During a 1984 hearing concerning legislation that would have required two rather than three convictions for an Armed Career Criminal Act violation, Assistant Attorney General Stephen S. Trott stated the following:
These are people who have demonstrated, by virtue of their definition, that locking them up and letting them go doesn’t do any good. They go on again, you lock them up, you let them go, it doesn’t do any good, they are back for a third time. At that juncture, we should say, “That’s it; time out, it is all over. We, as responsible people, will never give you the opportunity to do this again.
Trott Testimony, supra, at 64. Thus, it is clear that section 1202(a) is aimed at recidivists, not at individuals who commit three acts that result in three convictions.
I would follow the lead of the Eighth Circuit in United States v. Petty, 828 F.2d 2 (8th Cir.1987), and hold that something more than three convictions is required. In Petty, the Eighth Circuit held that defendant’s six convictions for six armed robberies committed together against six different persons in a restaurant were insufficient to justify imposing an enhanced sentence under section 1202(a). Here, where two of the three convictions stemmed from burglaries that occurred on the same night, I would hold that section 1202(a) was not intended to, and therefore does not, apply.

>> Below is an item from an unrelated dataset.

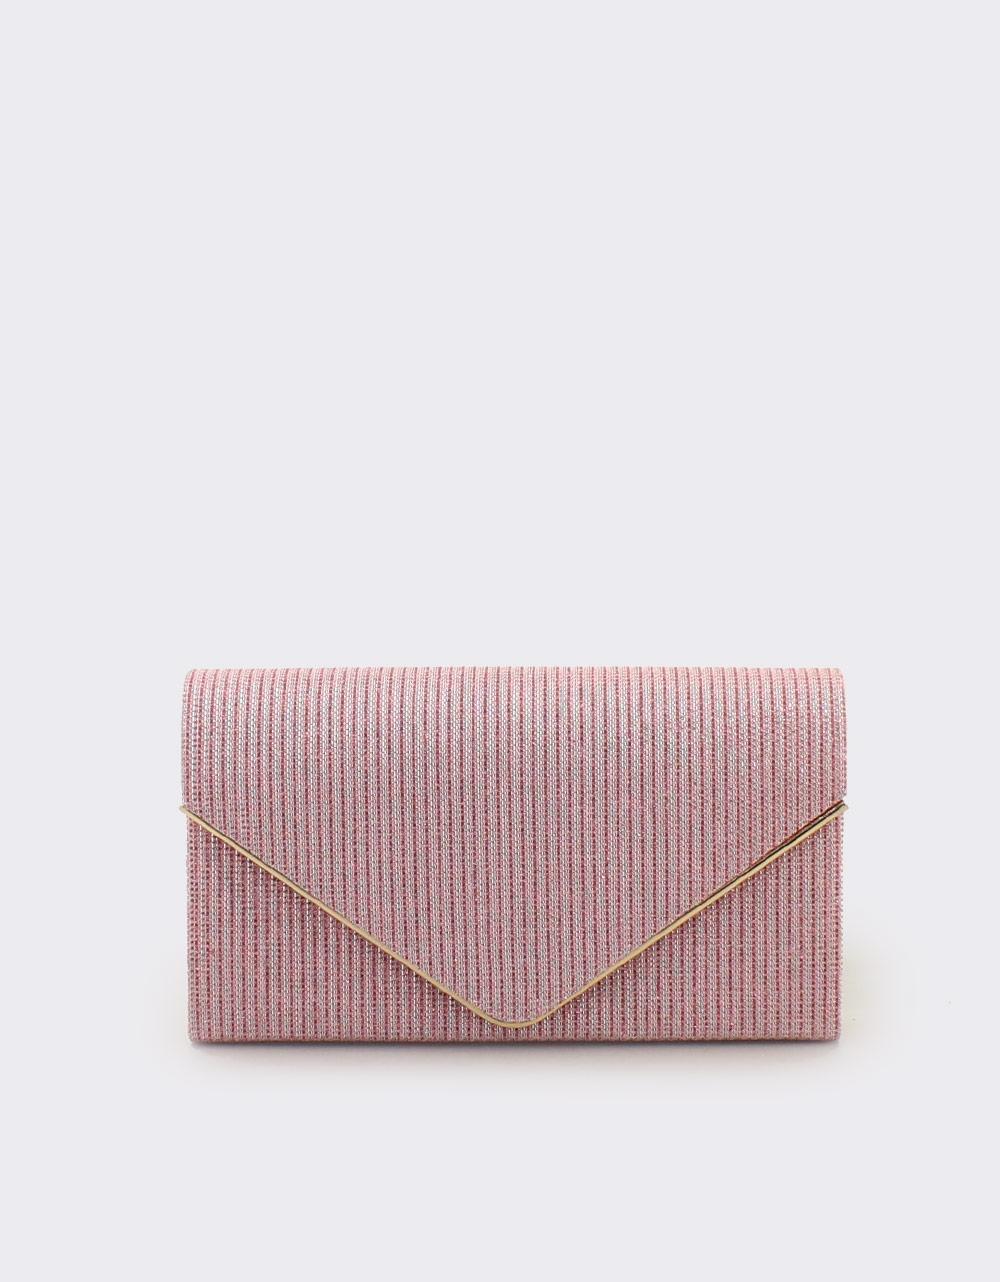 Εικόνα από Γυναικείοι φάκελοι μεταλλιζέ με τριγωνικό καπάκι Ροζ
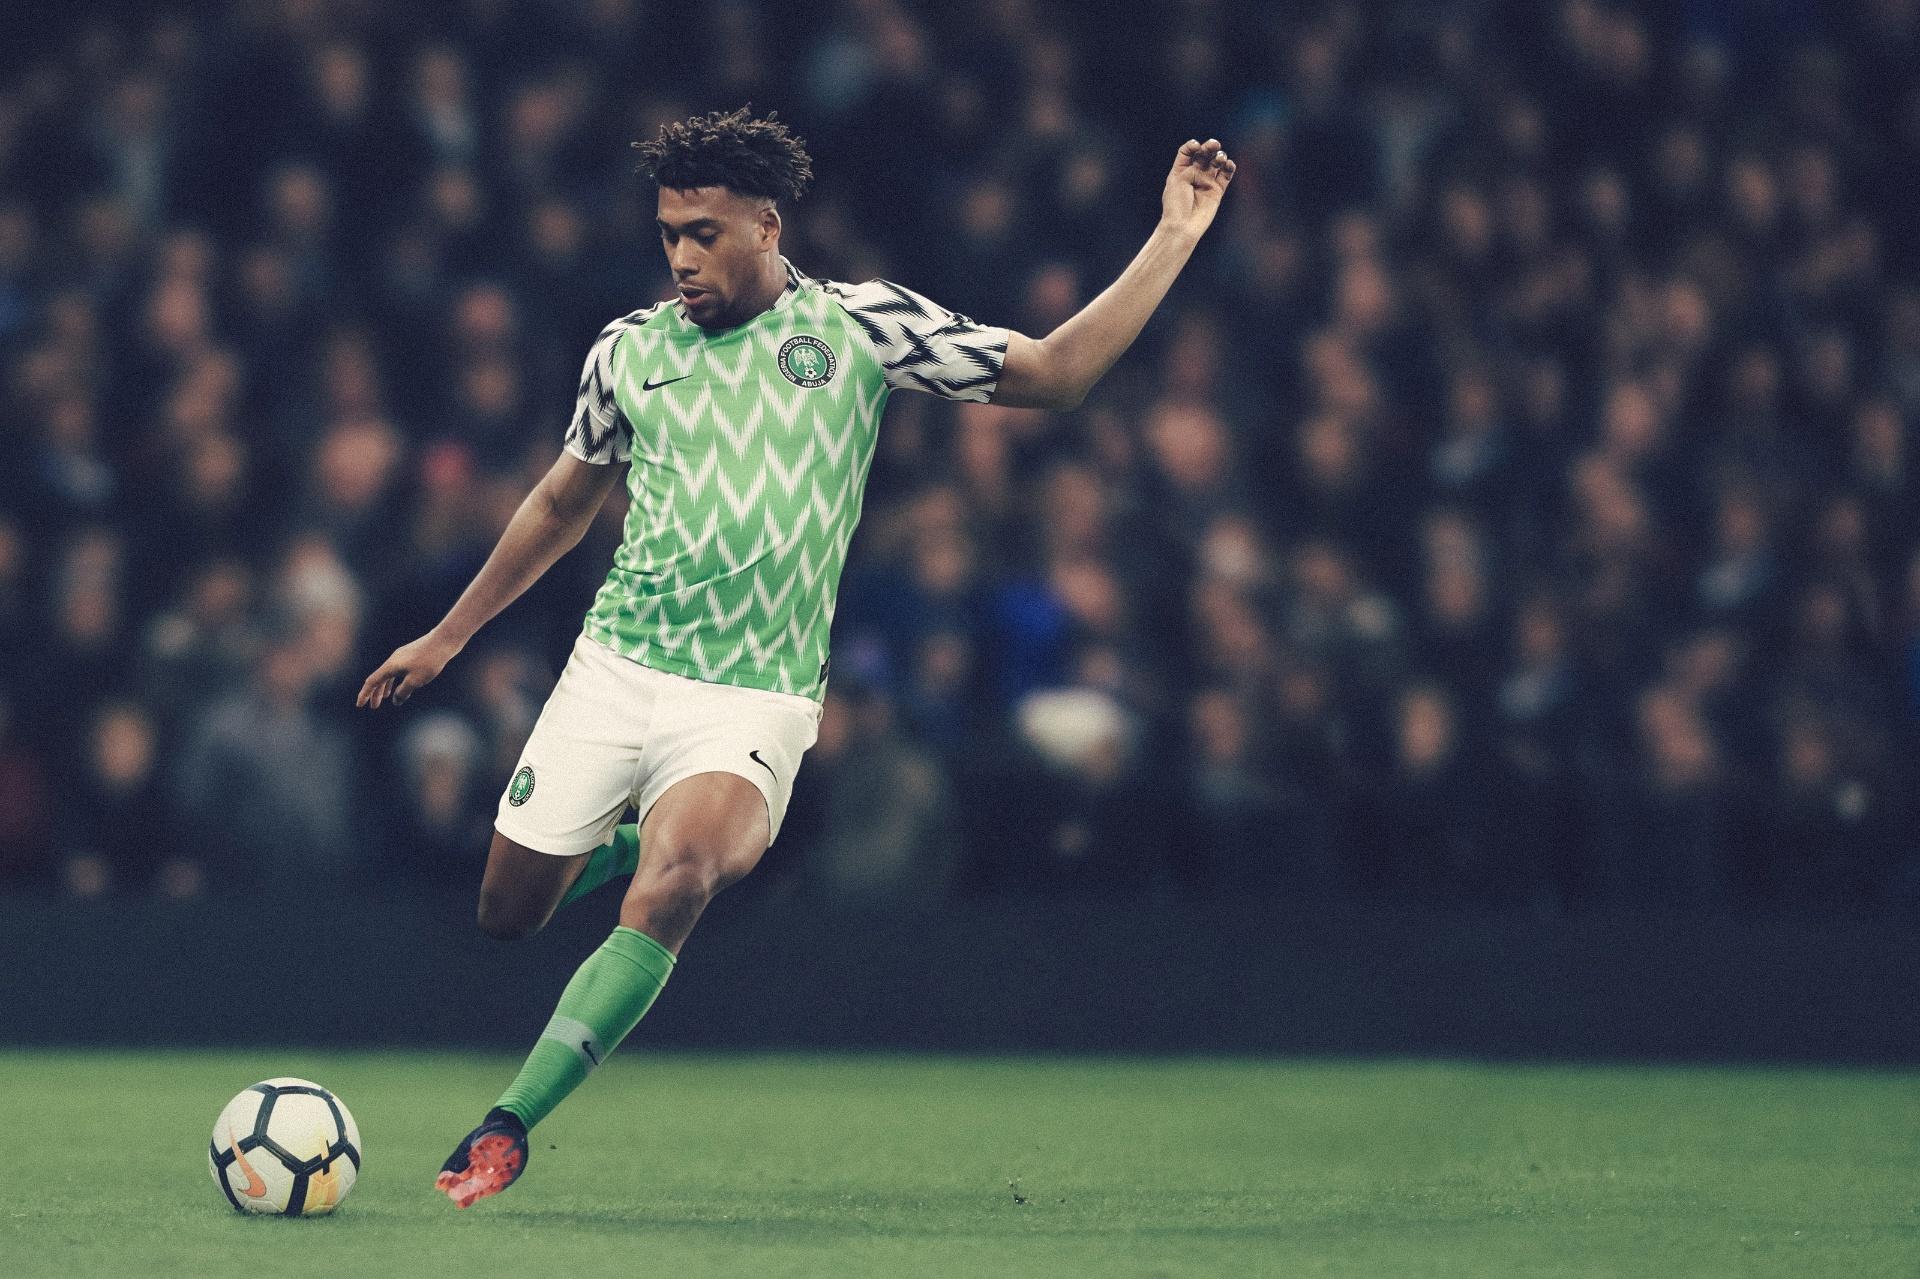 Convocação da Nigéria  Veja a lista de convocados das seleções - UOL Copa  do Mundo 2018 2f52cf0de26f4

. The majority implies that the Supreme Court has already ruled on whether the term "convictions” bears any ambiguity for present purposes. Majority Opinion at 193. However, in the case cited by the majority for this point, Lewis v. United States, 445 U.S. 55, 100 S.Ct. 915, 63 L.Ed.2d 198 (1980), the Supreme Court found that section 1202(a) is unambiguous only with regard to whether a defendant could challenge the validity of a prior conviction in fighting a section 1202(a) charge. The Supreme Court's ruling in Lewis has no bearing on the problem before us in the present case.